## Supplied data

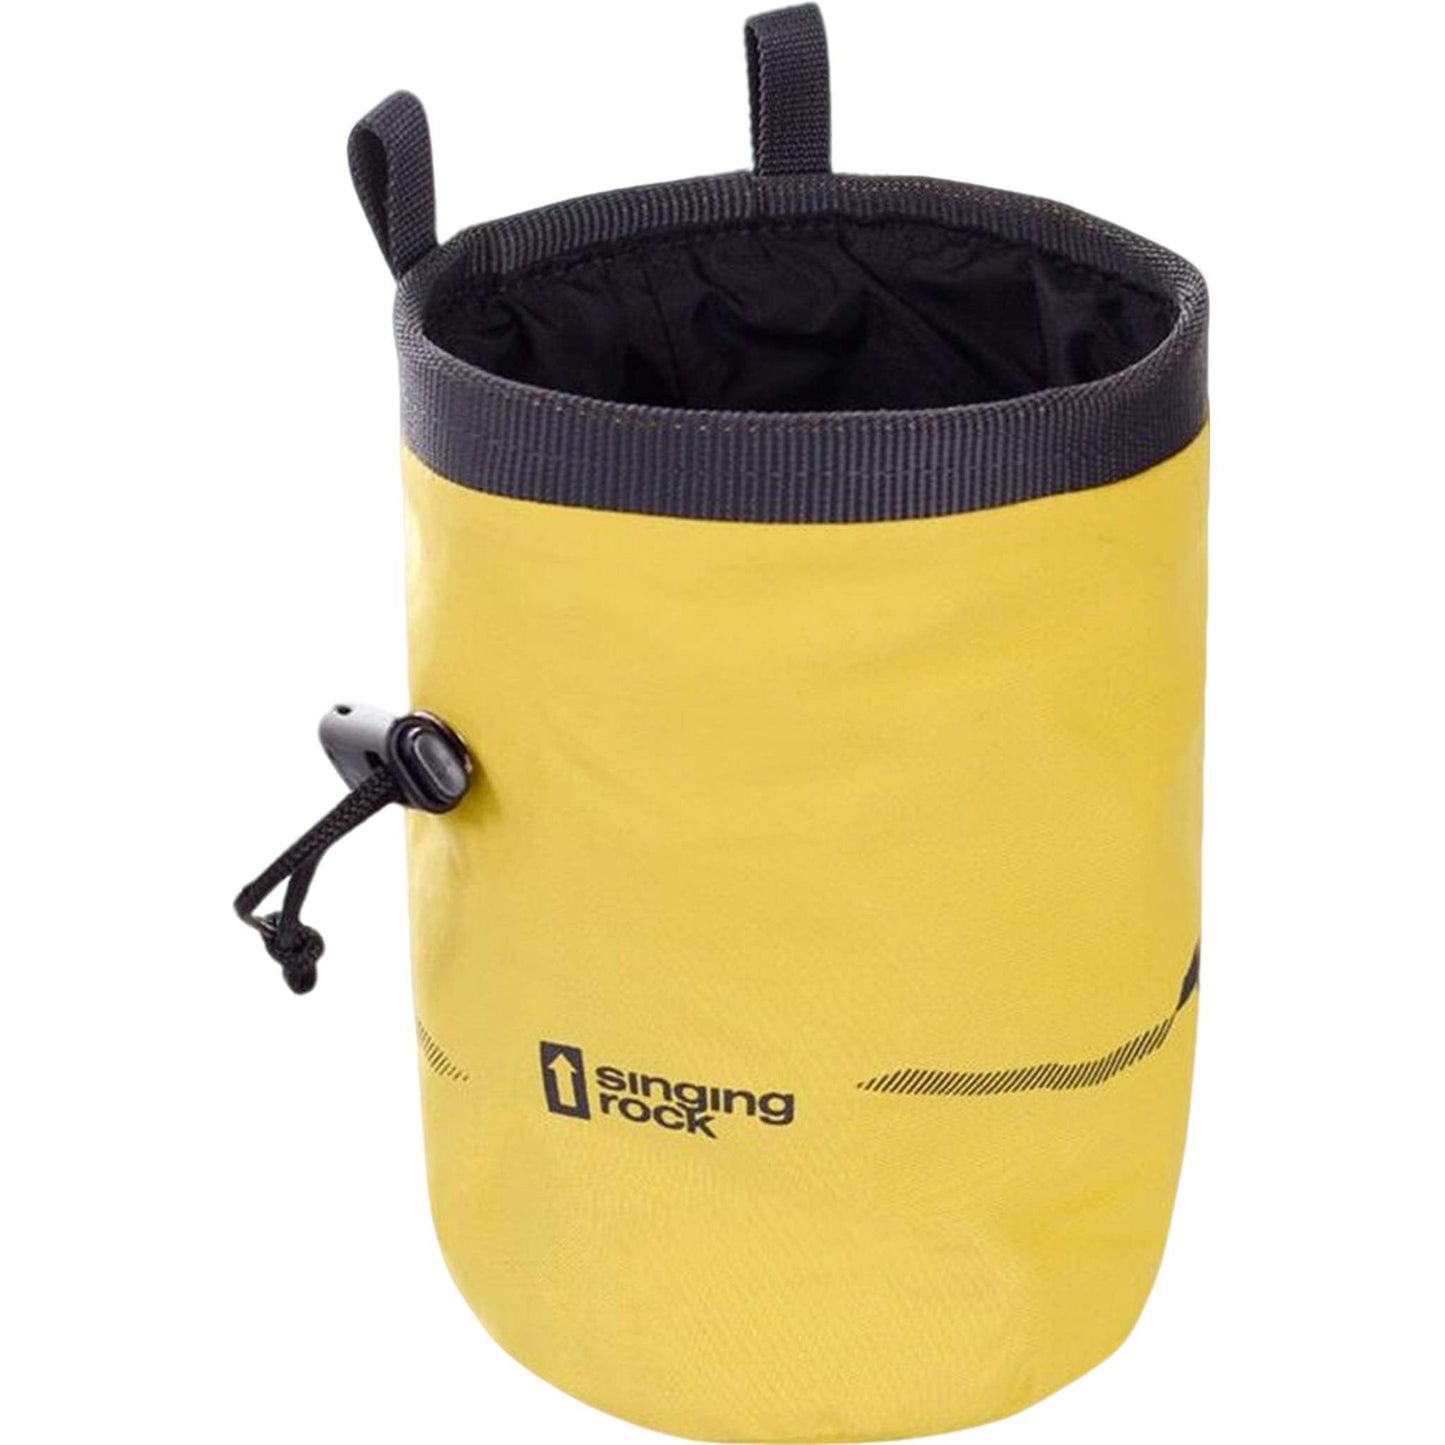 Mountains Minimalistic Chalk Bag for Climbers
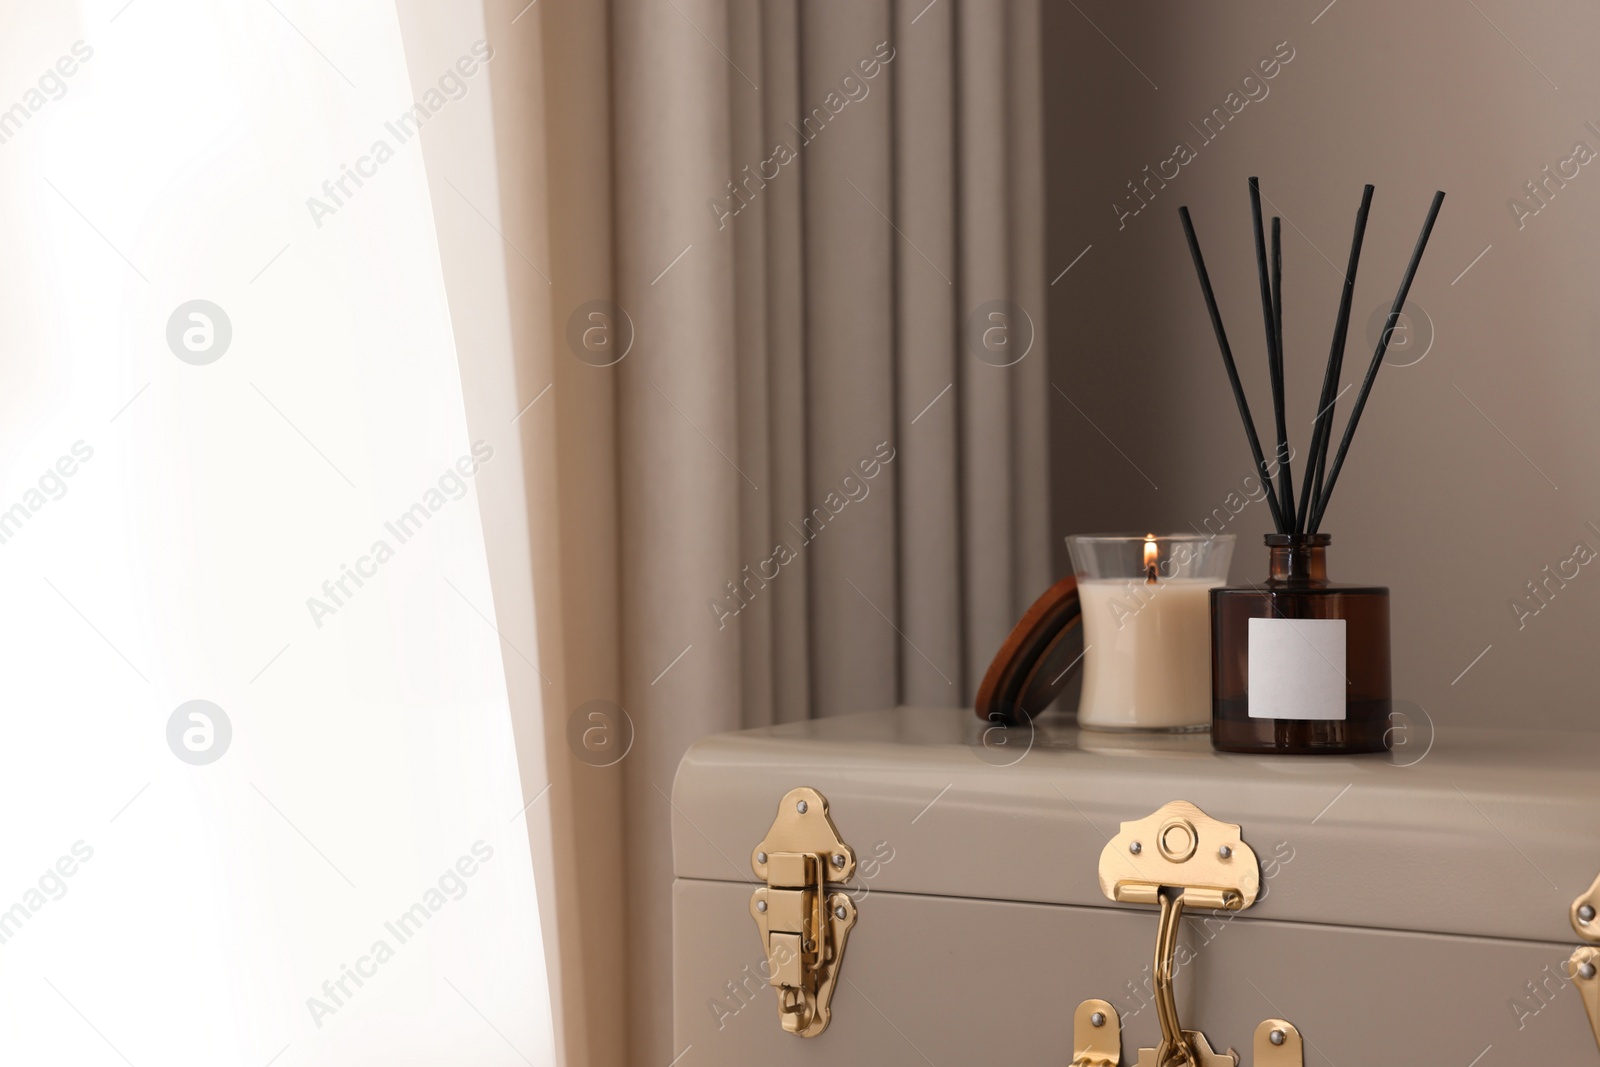 Photo of Aromatic reed air freshener and candle on suitcase indoors, space for text
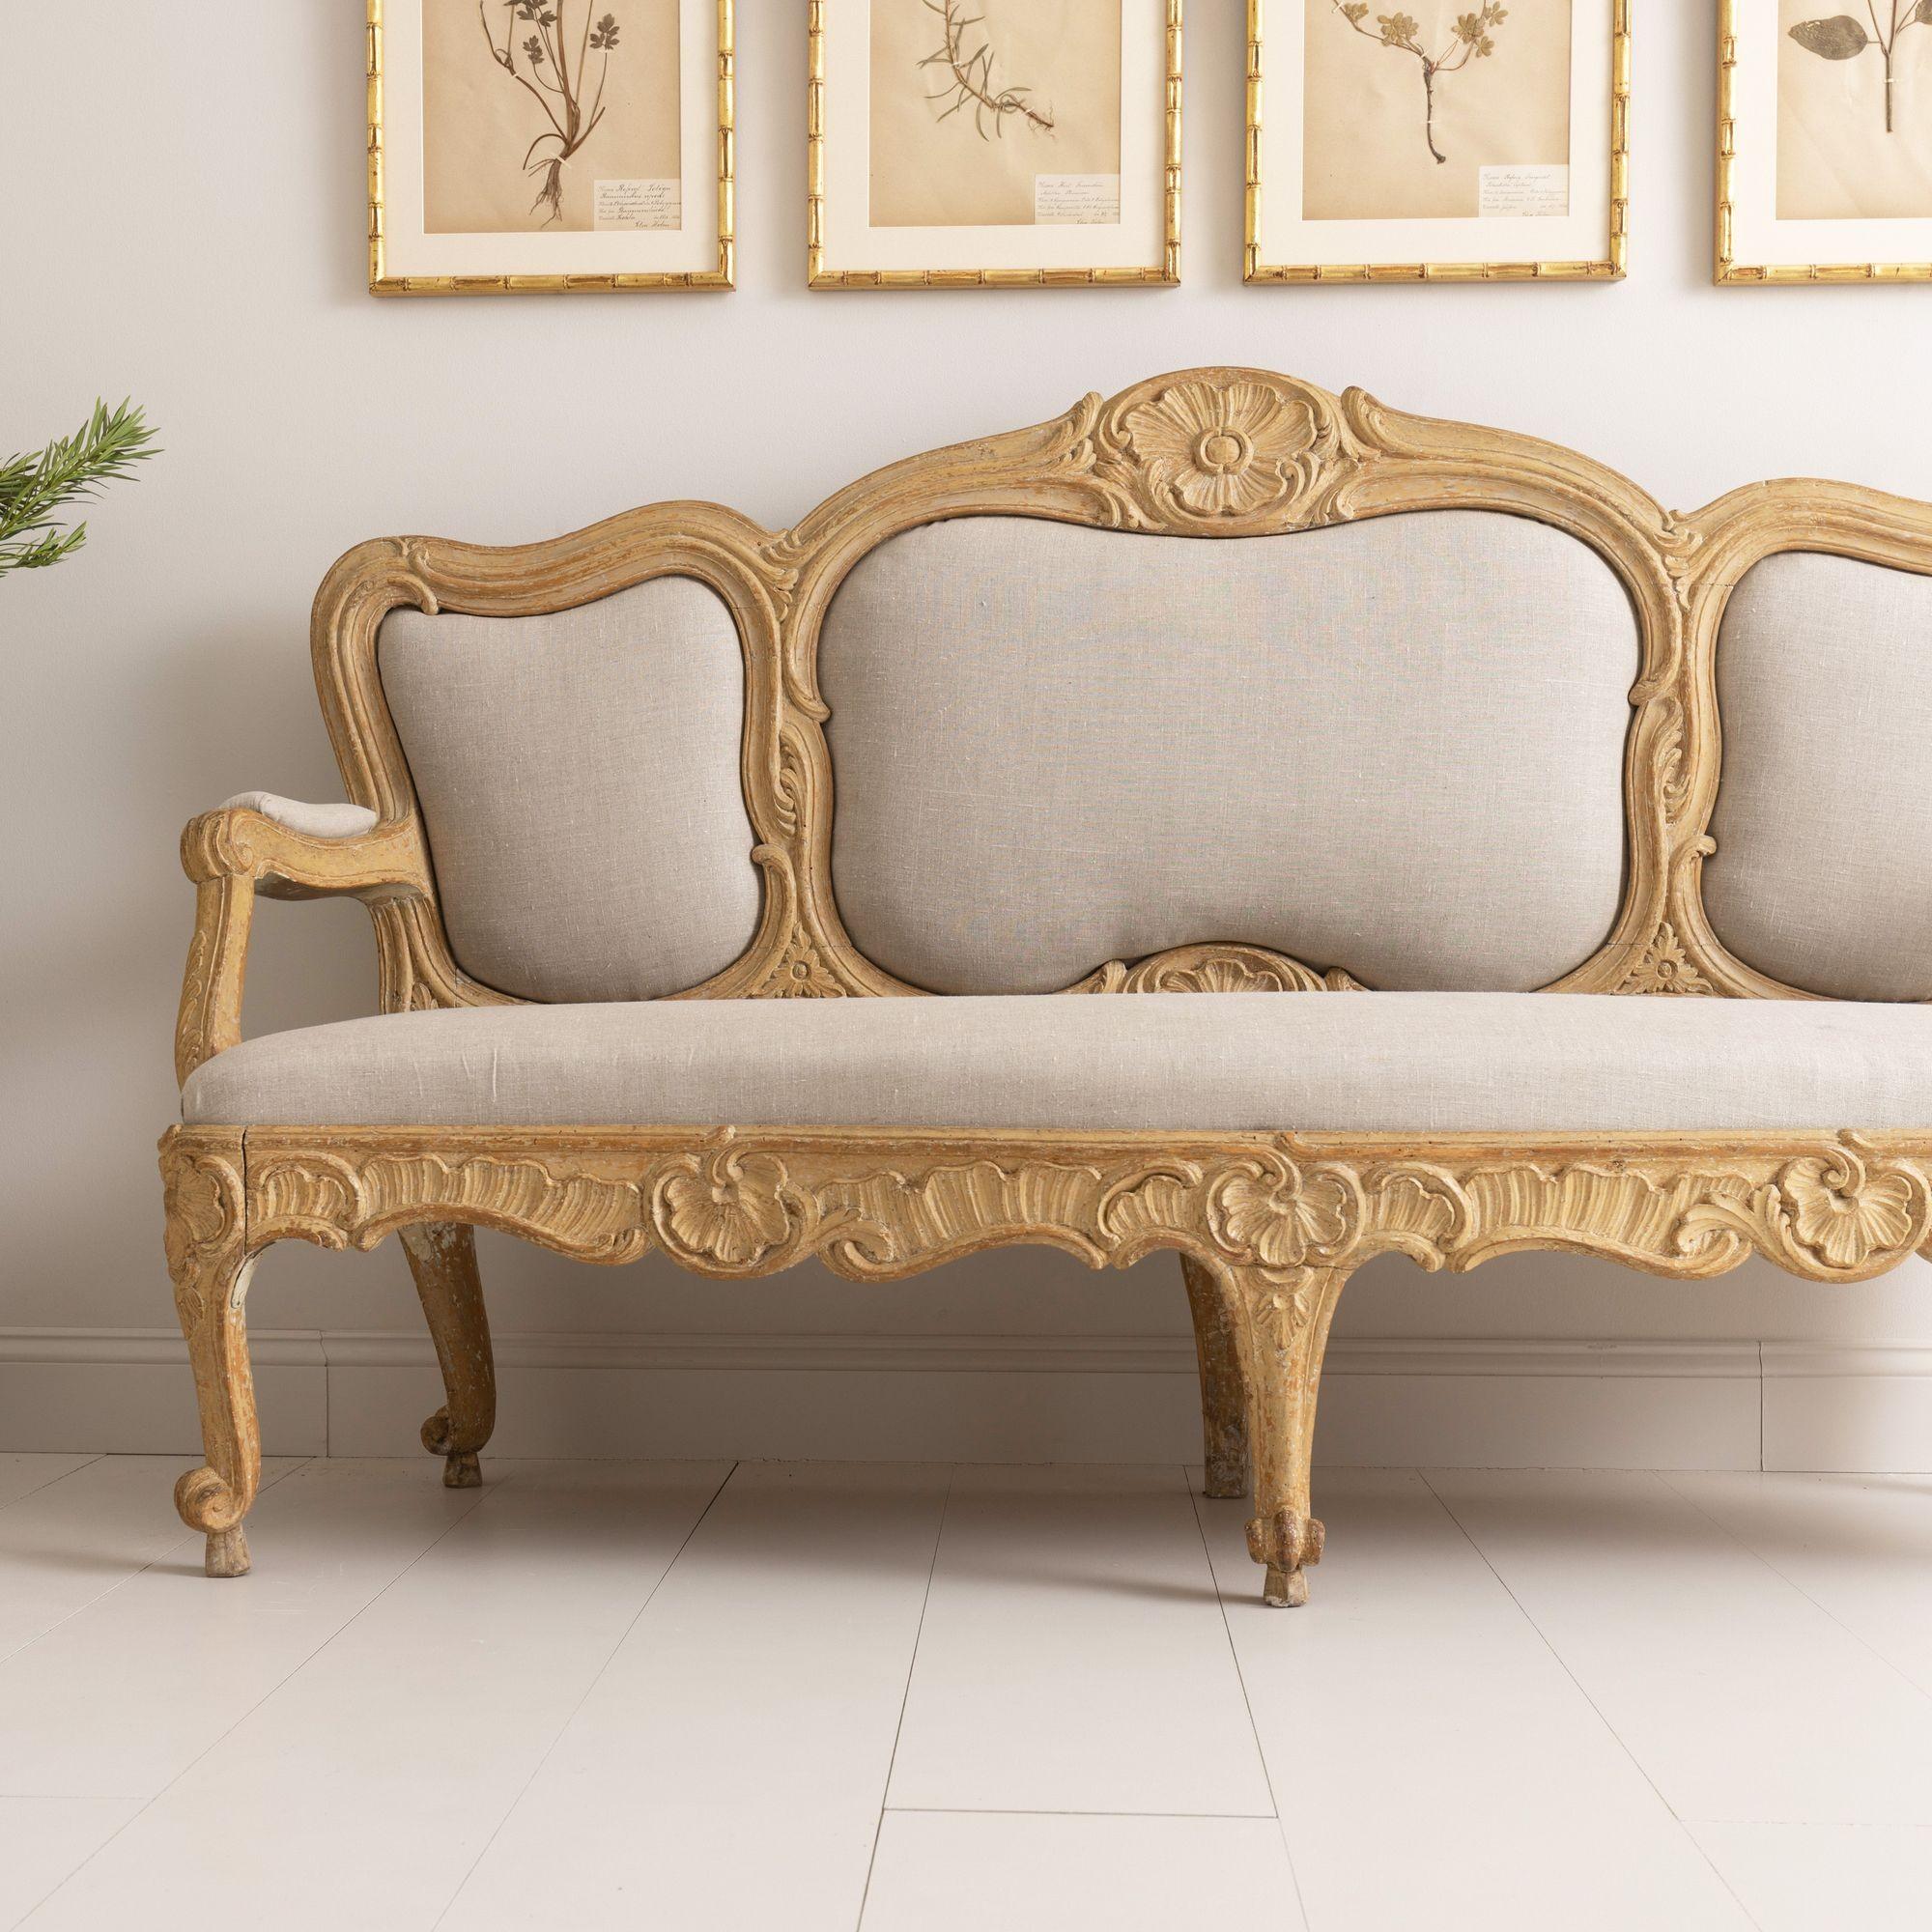 Linen 18th C. Swedish Rococo Sofa Bench in Original Paint from Stockholm
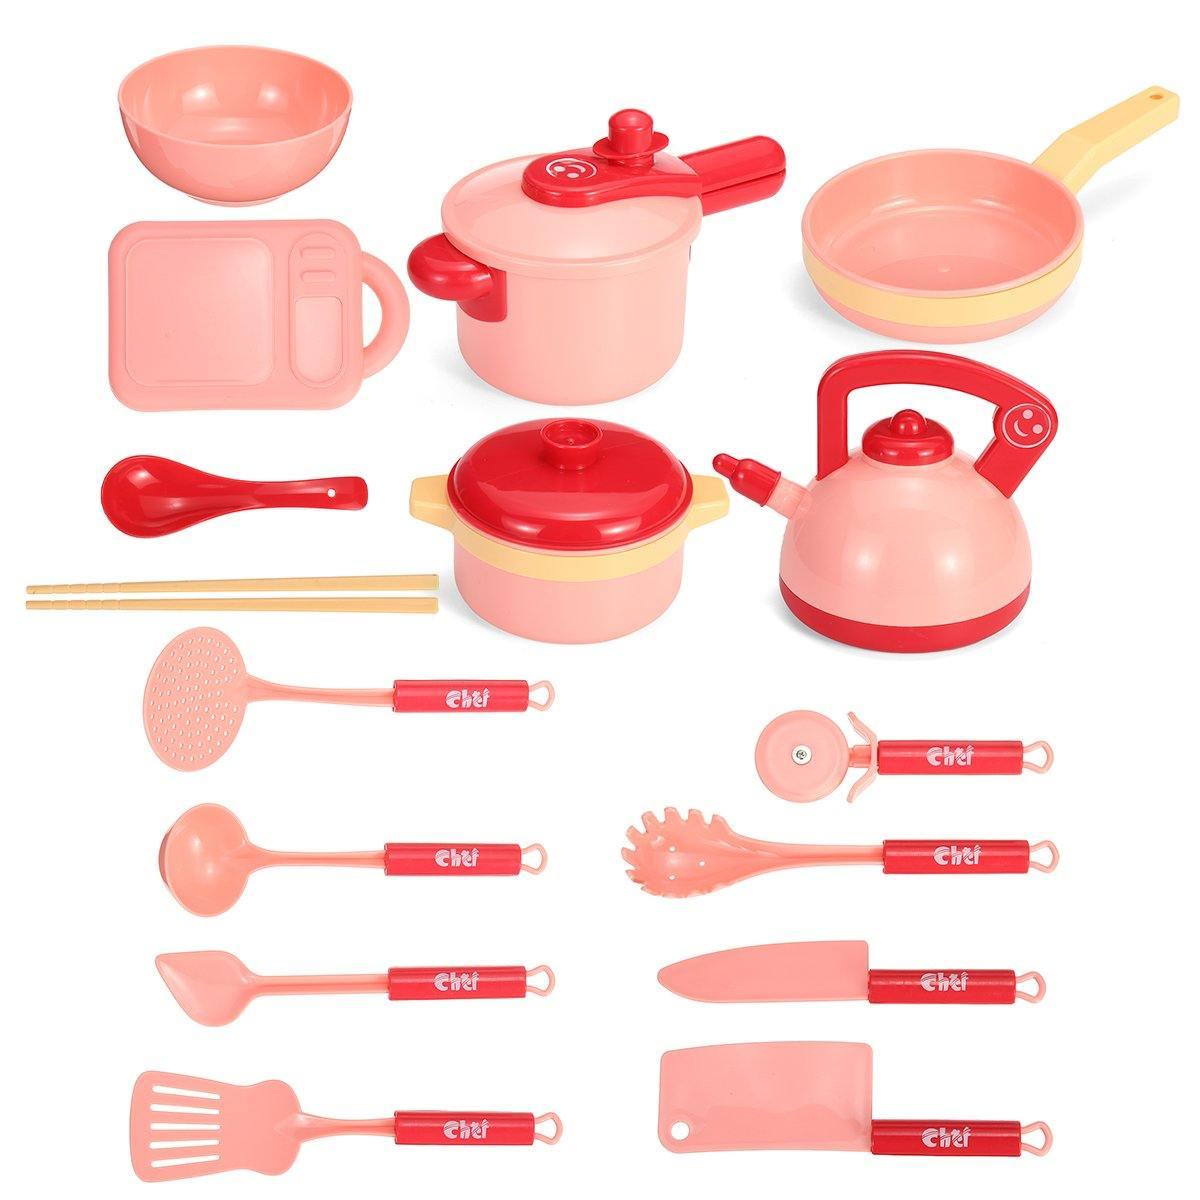 ezy2find kitchen toys A 16Pcs Simulation Kitchen Cooking Play Role playing Set Toys Practical Skills for Children Gift

## Problem to work on
The lines from the one that contains "Linen 18th C." through the end of the data, repeated exactly and with no pictures, make up the whole answer.

## Solution to this task
 Linen 18th C. Swedish Rococo Sofa Bench in Original Paint from Stockholm
 ezy2find kitchen toys A 16Pcs Simulation Kitchen Cooking Play Role playing Set Toys Practical Skills for Children Gift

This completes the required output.